Scientists have just added an important new piece to the diet–ECS story, and it makes our everyday food choices look even more consequential for long‑term health.
For years, we have known that the endocannabinoid system (ECS) is not simply a set of “cannabis receptors.” It is a homeostatic network that helps tissues all over the body balance energy, inflammation, and metabolism. In the periphery, especially in organs like the liver and adipose tissue, more CB1 activity is not better; it is often the opposite. Hepatic CB1 activation promotes de novo lipogenesis, steatosis and insulin resistance, and knocking out CB1 specifically in the liver protects animals from diet‑induced fatty liver and metabolic derangement even when they still gain weight (Osei-Hyiaman et al., 2008).
So far, most of the diet–ECS focus has been on fats. The omega‑6/omega‑3 balance of our diet determines which lipid mediators the ECS can make. High linoleic‑acid intake (the main omega‑6 in seed oils) pushes tissues toward arachidonic‑acid‑derived endocannabinoids like anandamide and 2‑AG, and these levels rise as dietary linoleic acid climbs from about 1% to 8% of energy intake. Adding more EPA and DHA has the opposite effect, shifting the mediator profile toward more resolving, omega‑3‑derived species and normalising endocannabinoid tone (Alvheim et al., 2012).
A new study by Liu and colleagues extends this picture in a crucial way by showing how carbohydrate load feeds into the ECS, not through ligands, but through receptor number in the liver.
Using a gold‑standard in‑vivo insulin model with physiological post‑meal insulin pulses, they examined hepatic CB1. CB1 gene expression barely changed, but CB1 protein increased by about 50% within a few hours. When ERK signalling was blocked, the effect disappeared, and further work showed that insulin was slowing the normal lysosomal degradation of CB1. In other words, a normal‑sized insulin spike was stabilising CB1 receptors, keeping them from being recycled and destroyed.
This means diet now appears to control both sides of the hepatic ECS:
- Fat quality (omega‑6/3 ratio) determines whether the system is dominated by omega‑6‑derived or omega‑3‑derived lipid mediators (Artmann et al., 2008).
- Carbohydrate quality, via the magnitude of the insulin response, determines how many CB1 receptors the liver has available to respond to those mediators.
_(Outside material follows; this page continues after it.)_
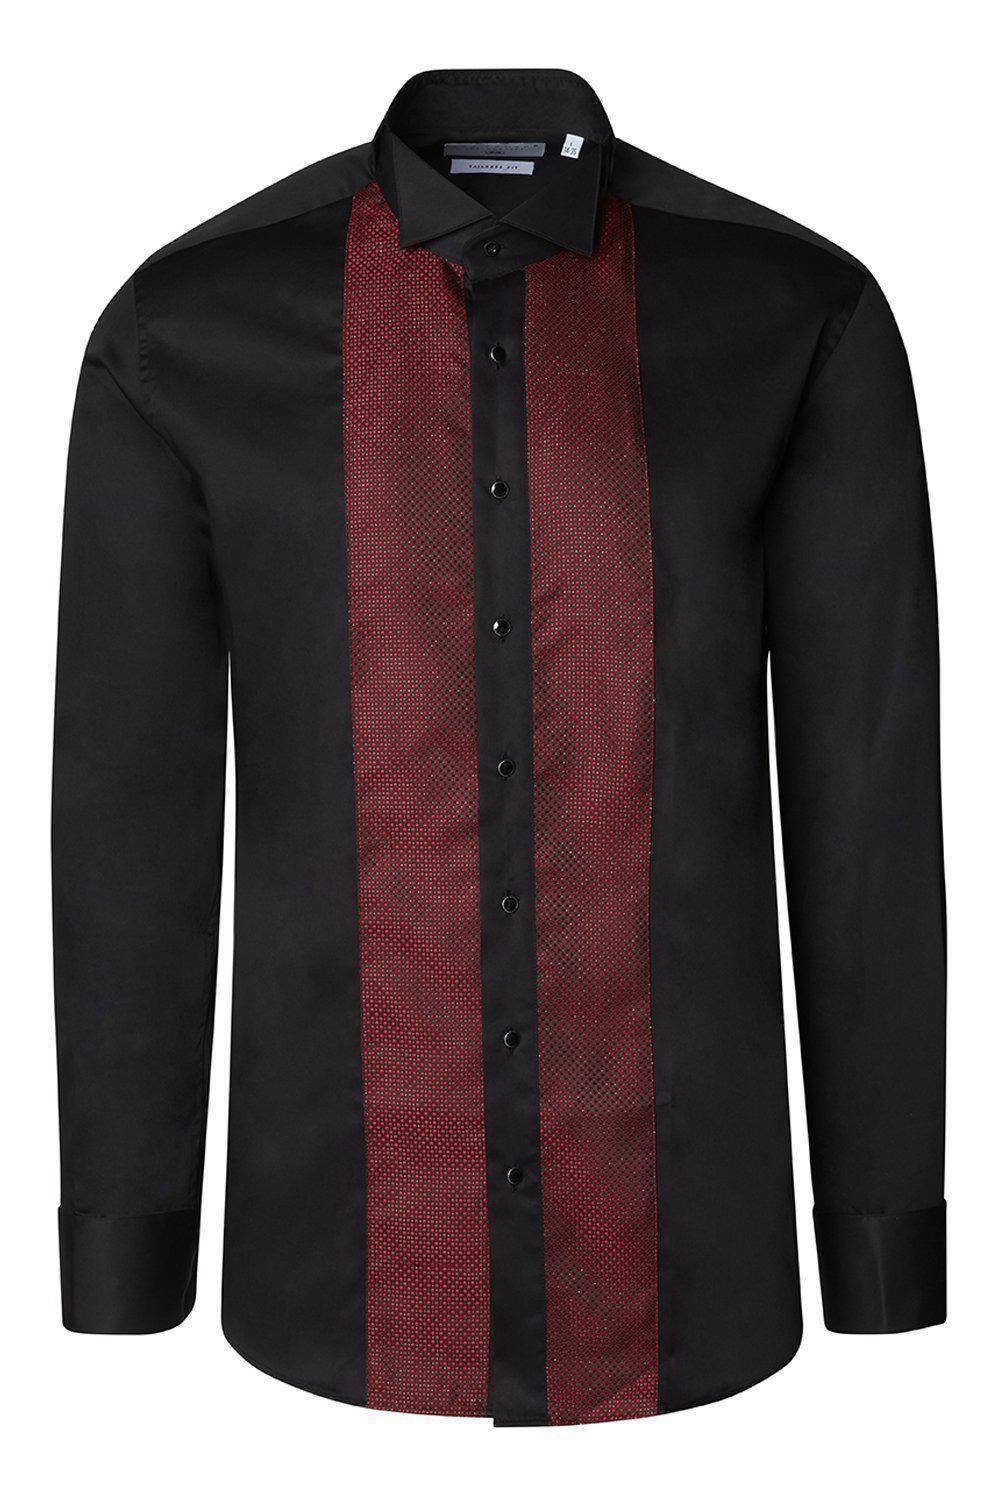 Pique Bib Tuxedo Shirt - Black Burgundy - Ron Tomson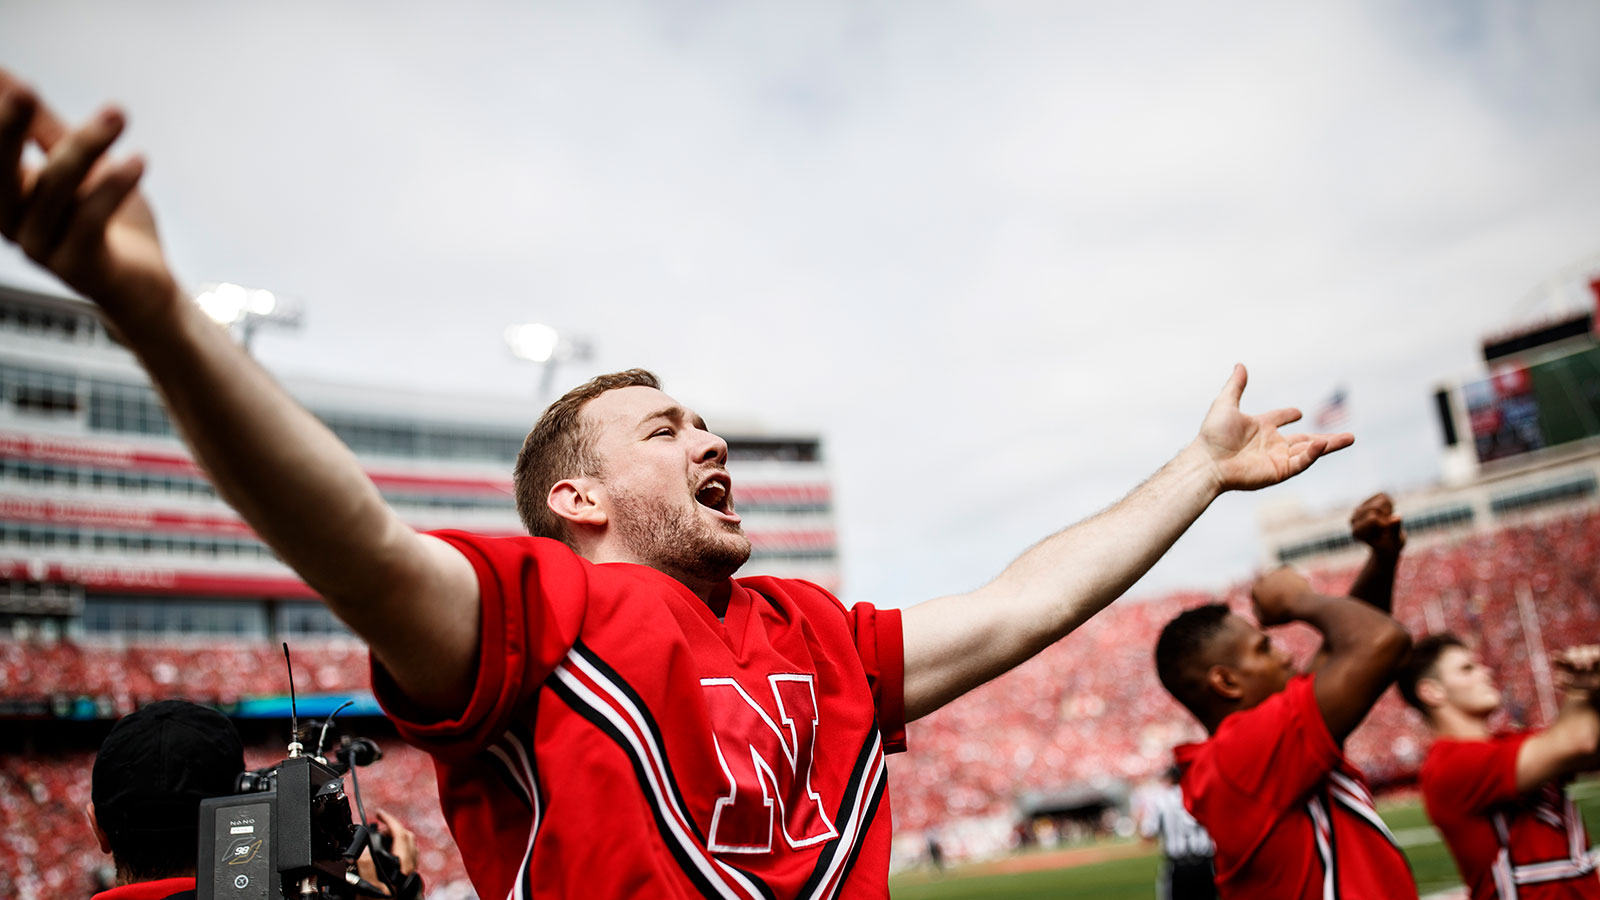 Jake Jundt pumping up the crowd during the 2019 Nebraska vs South Alabama football game.

A physiologically sized insulin spike can increase hepatic CB1 protein by roughly 50% in just a few hours by hindering the cell’s normal recycling of the receptor (Liu et al., 2026).
In peripheral tissues like the liver, where CB1 activation drives steatosis and worsens insulin signalling, that combination is bad news: more ligand plus more receptor in an organ that is already central to metabolic disease.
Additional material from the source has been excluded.